→ REQUIRED ACTION: Transcribe the whole listing without a single picture.

[[ DATA PROVIDED, beginning ]]

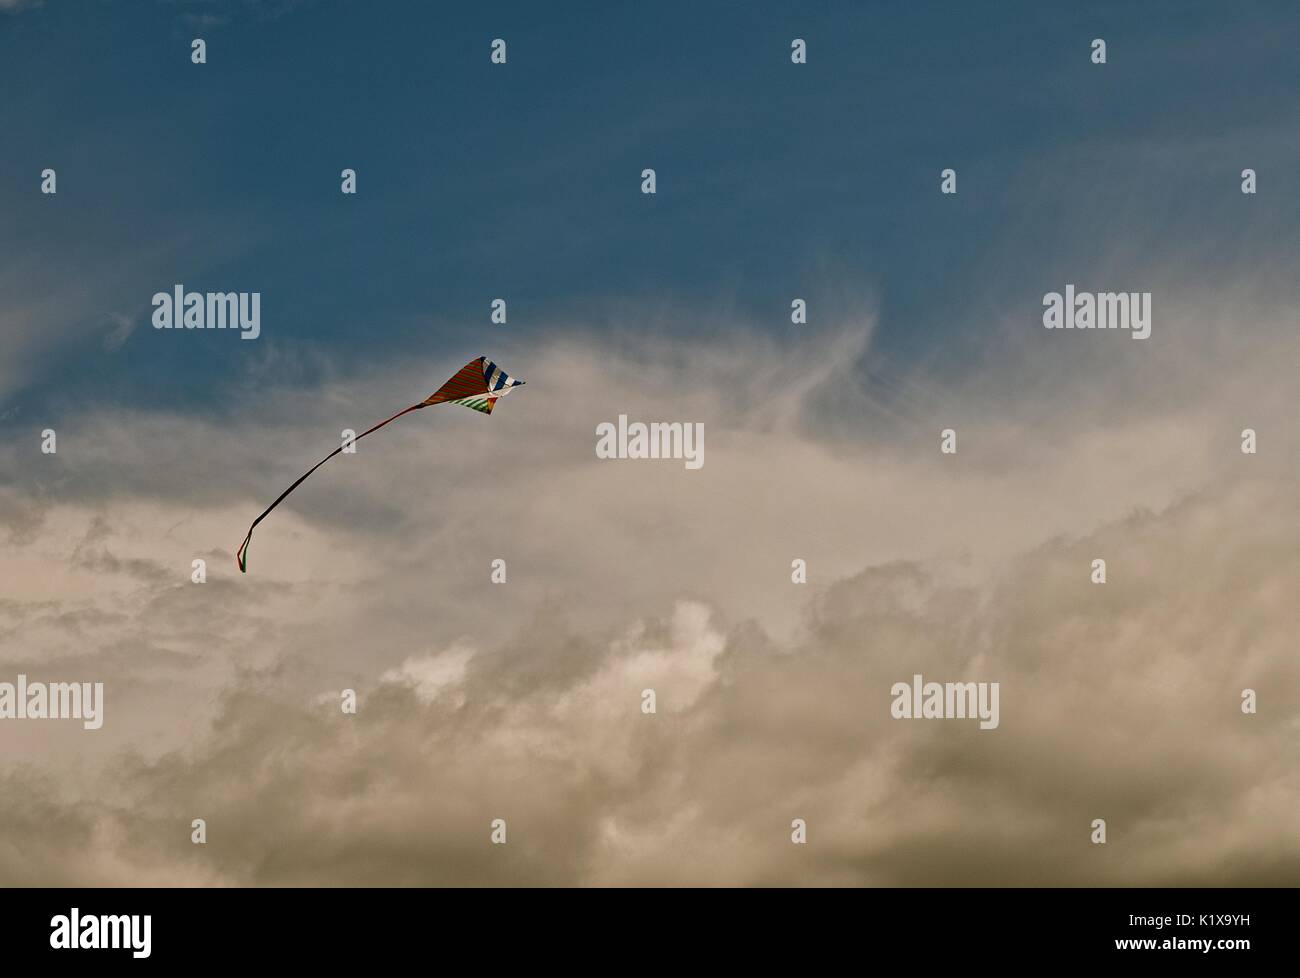 Kite flying freely and afloat in the breeze. A fun and relaxing activity for summer fun. Stock Photo
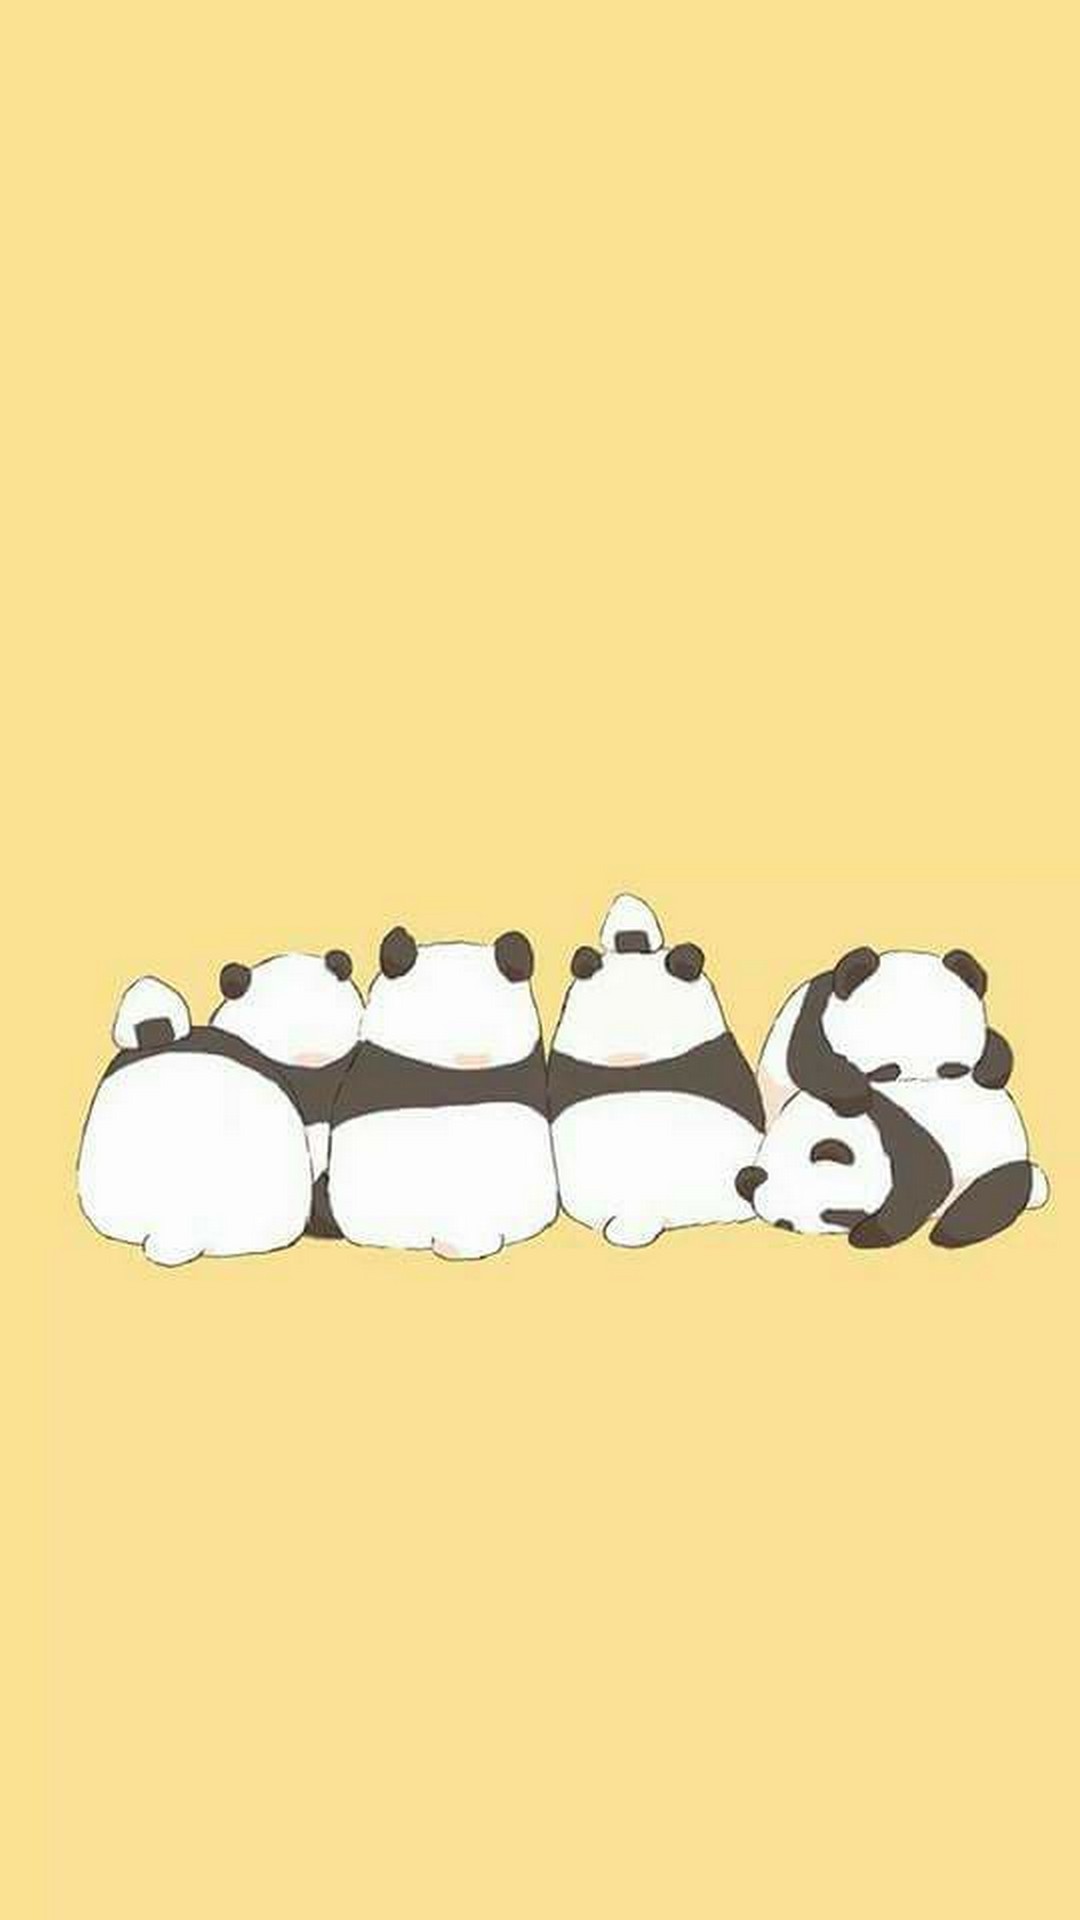 Panda HD Wallpapers For Mobile Resolution 1080x1920
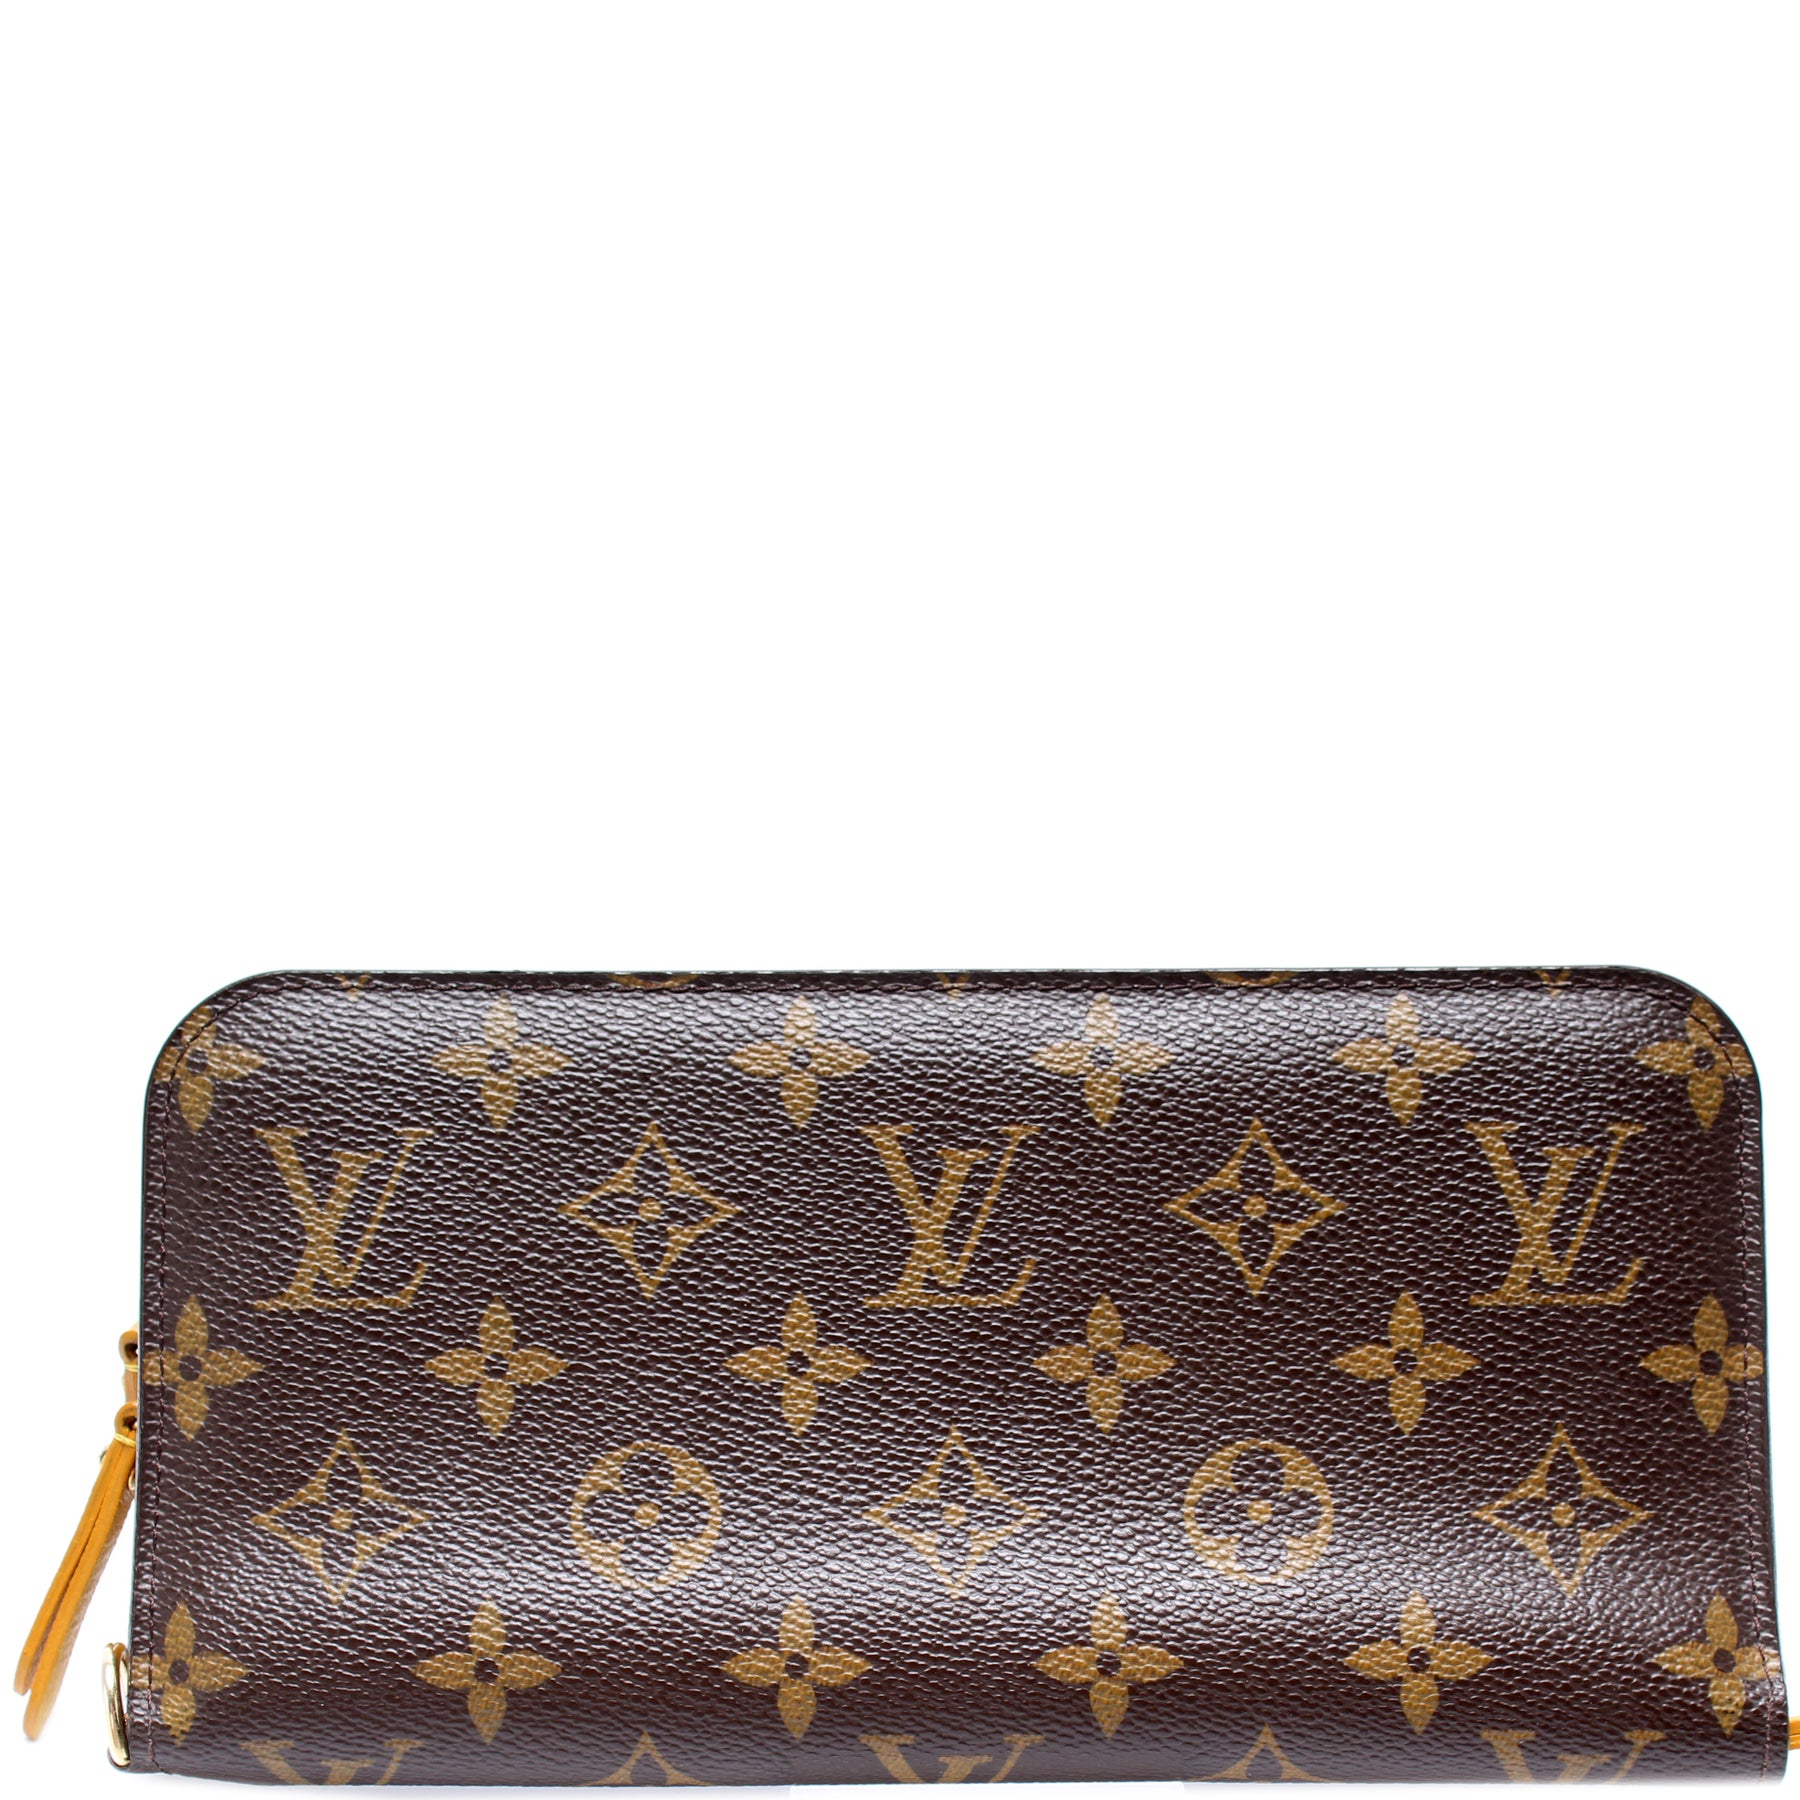 Louis Vuitton - Authenticated Insolite Wallet - Leather Brown for Women, Very Good Condition

[[ DATA PROVIDED, end ]]

→ SOLUTION FOR THIS EXERCISE:
 Kite flying freely and afloat in the breeze. A fun and relaxing activity for summer fun. Stock Photo
 Panda HD Wallpapers For Mobile Resolution 1080x1920
 Louis Vuitton - Authenticated Insolite Wallet - Leather Brown for Women, Very Good Condition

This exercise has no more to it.